1736-08-15, de Voltaire [François Marie Arouet] à — Berger.

Je ne peux assez remercier mr Gonay.
Il faudra que la 2e Henriade soit pour lui; car la première doit être pour vous.

Avez vous semoncé le paresseux Tiriot pour qu'il vous donne ses remarques? C'est un juge qui fait bien durer le procès qu'il a appointé. Il sera responsable de mes fautes. Pressez le, je vous en prie; car ce procès est devenu le vôtre. Le plus grand service qu'on puisse me rendre, est d'être sévère.

Pourquoi n'aimez vous pas les traits du tonerre? Mettez, si vous voulez, les feux ou les flammes; mais j'aime autant les traits. Vous trouverez ici quelques petites corrections. Si vous rencontrez dans votre chemin quelques expressions oiseuses, quelques redites, quelques pléonasmes, ne manquez pas, je vous prie, de me dénoncer les coupables. Je les bannirai à perpétuité de la Henriade.

J'ai lu les trois épîtres de l'auteur du Capricieux, des Ayeux chimériques, du Caffé, &c. qui donne des règles de théâtre, de l'auteur des couplets, qui parle de morale. Il me semble que je vois Pradon enseigner Melpomene & Rolet endoctriner Themis.

Je vous envoie l'ode sur l'ingratitude. J'ai dédaigné de parler de Desfontaines, il n'a pas assez illustré ses vices.

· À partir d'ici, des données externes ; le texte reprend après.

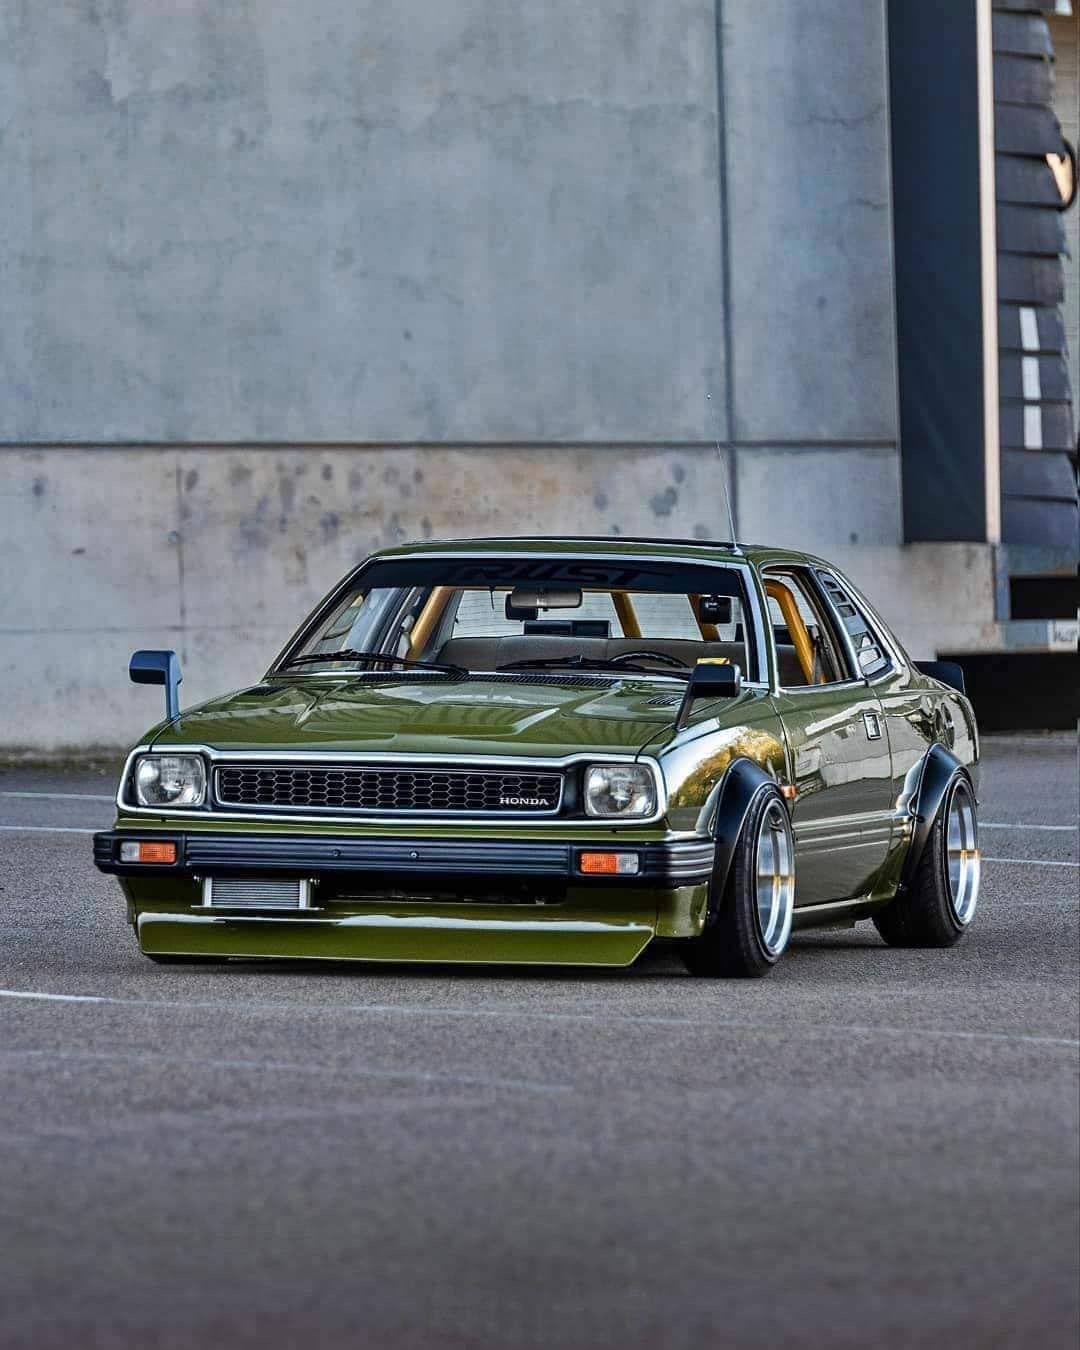 AWESOME HONDA Honda prelude, Classic japanese cars
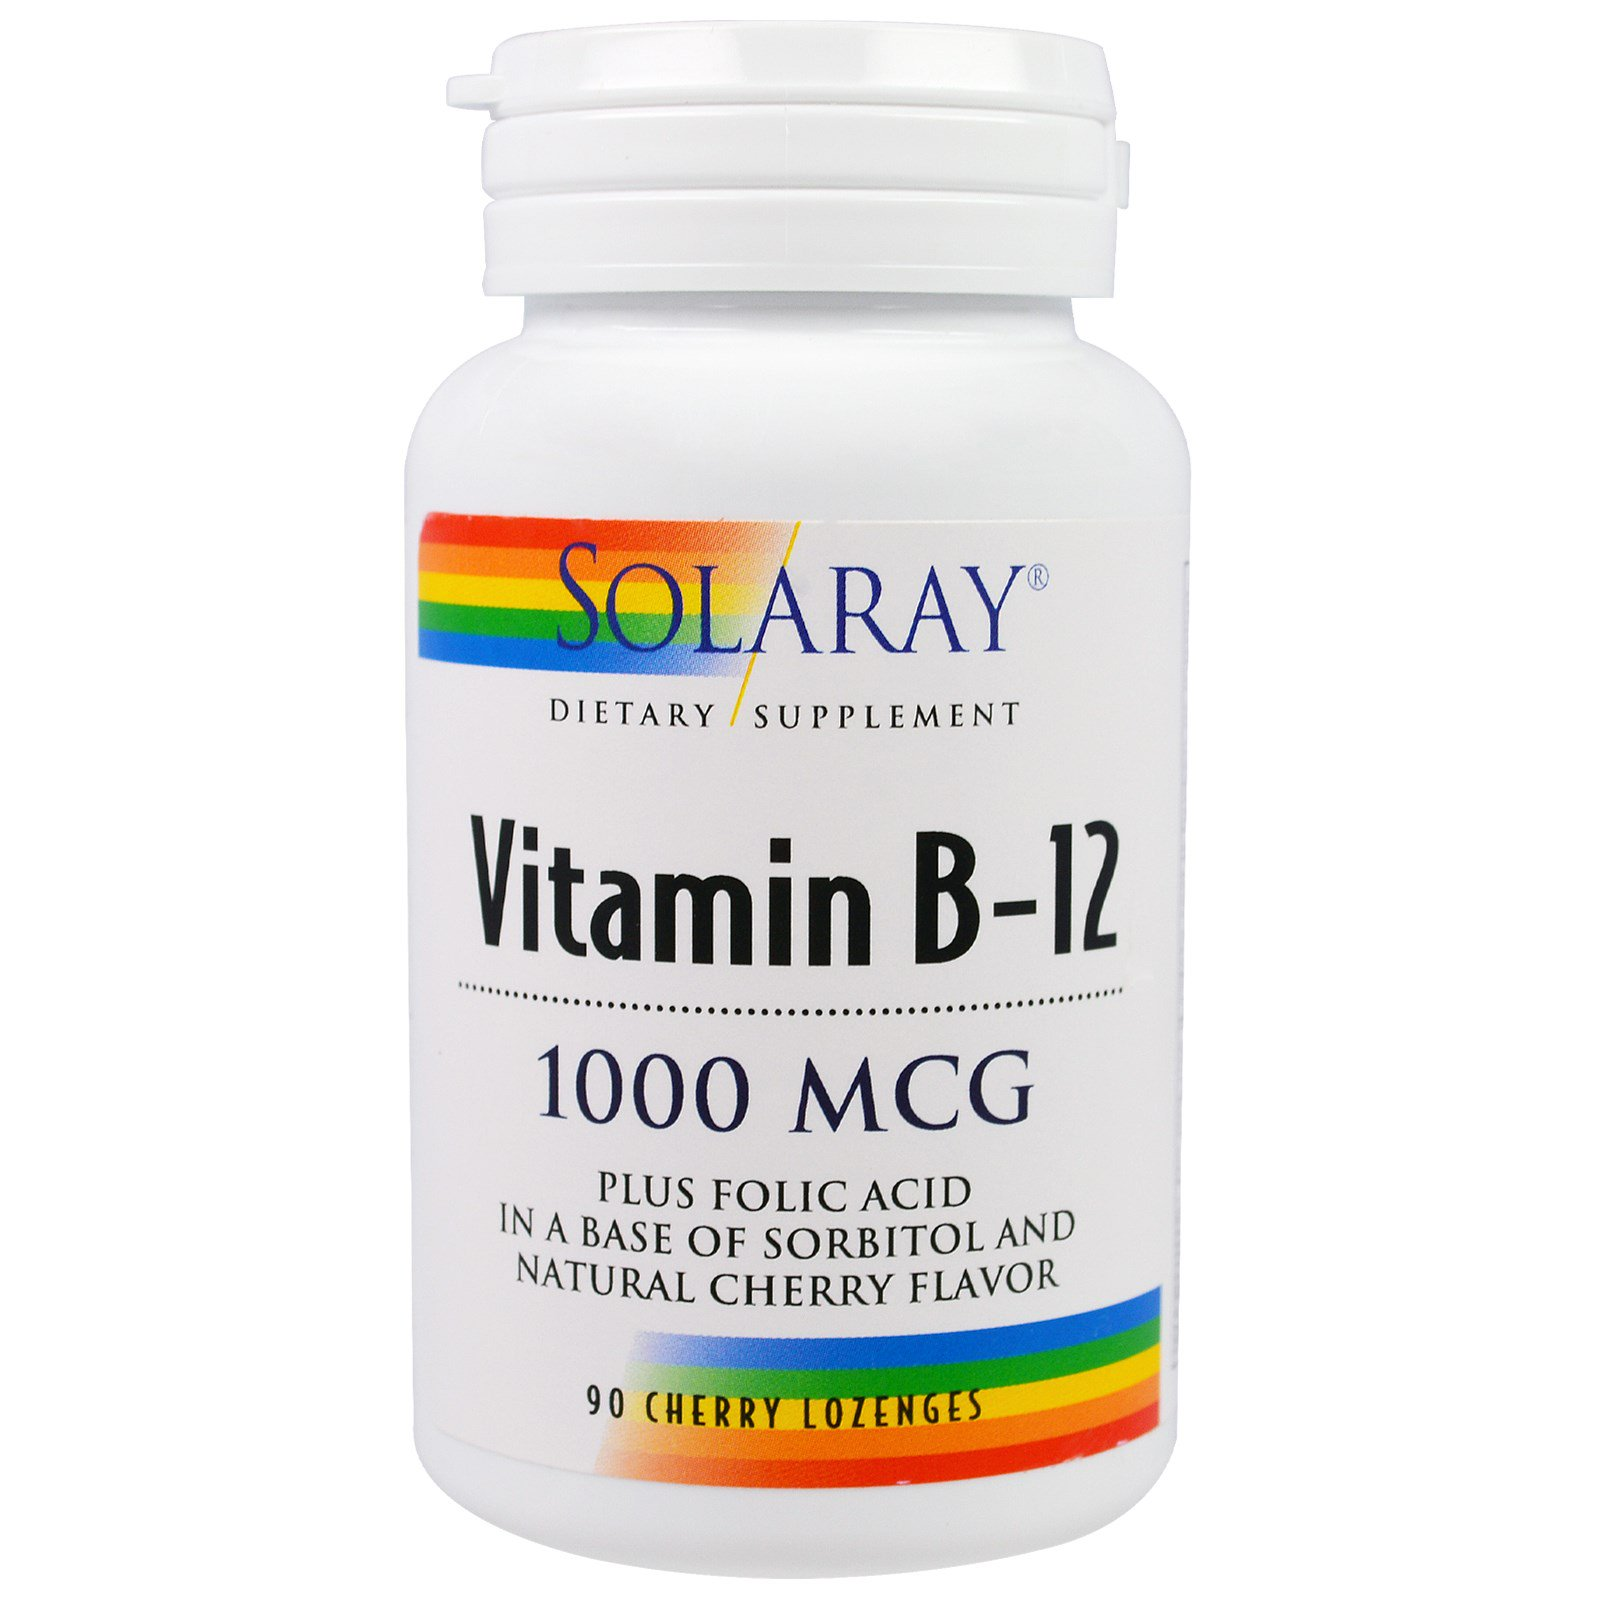 Solaray, Витамин В12, 1000 мкг, 90 вишневых пастилок

Je vous prie de donner à m. Saurin le jeune & à mr de Crebillon des copies de cette ode. Ils sont tous deux fils de personnes distinguées dans la littérature, que Rousseau a indignement attaquées. Ils doivent s'unir contre l'ennemi commun. Si Rousseau revenait, son hypocrisie serait dangereuse à mr Saurin le père, & le contre-coup en tomberait sur le fils. Je sais sur cela bien des particularités. Faites, je vous prie, mille compliments pour moi à mrs Saurin & Crebillon.

A l'égard de mr Hérault, s'il exige quelque chose de moi, je ferai ce que l'on exigera. Je vous prie de voir mr d'Argental, & de lui en parler.

Adieu, mon cher correspondant. Je suis bien sensible aux soins dont vous m'honorez. Mille compliments au gentil La Bruere, & à nos amis.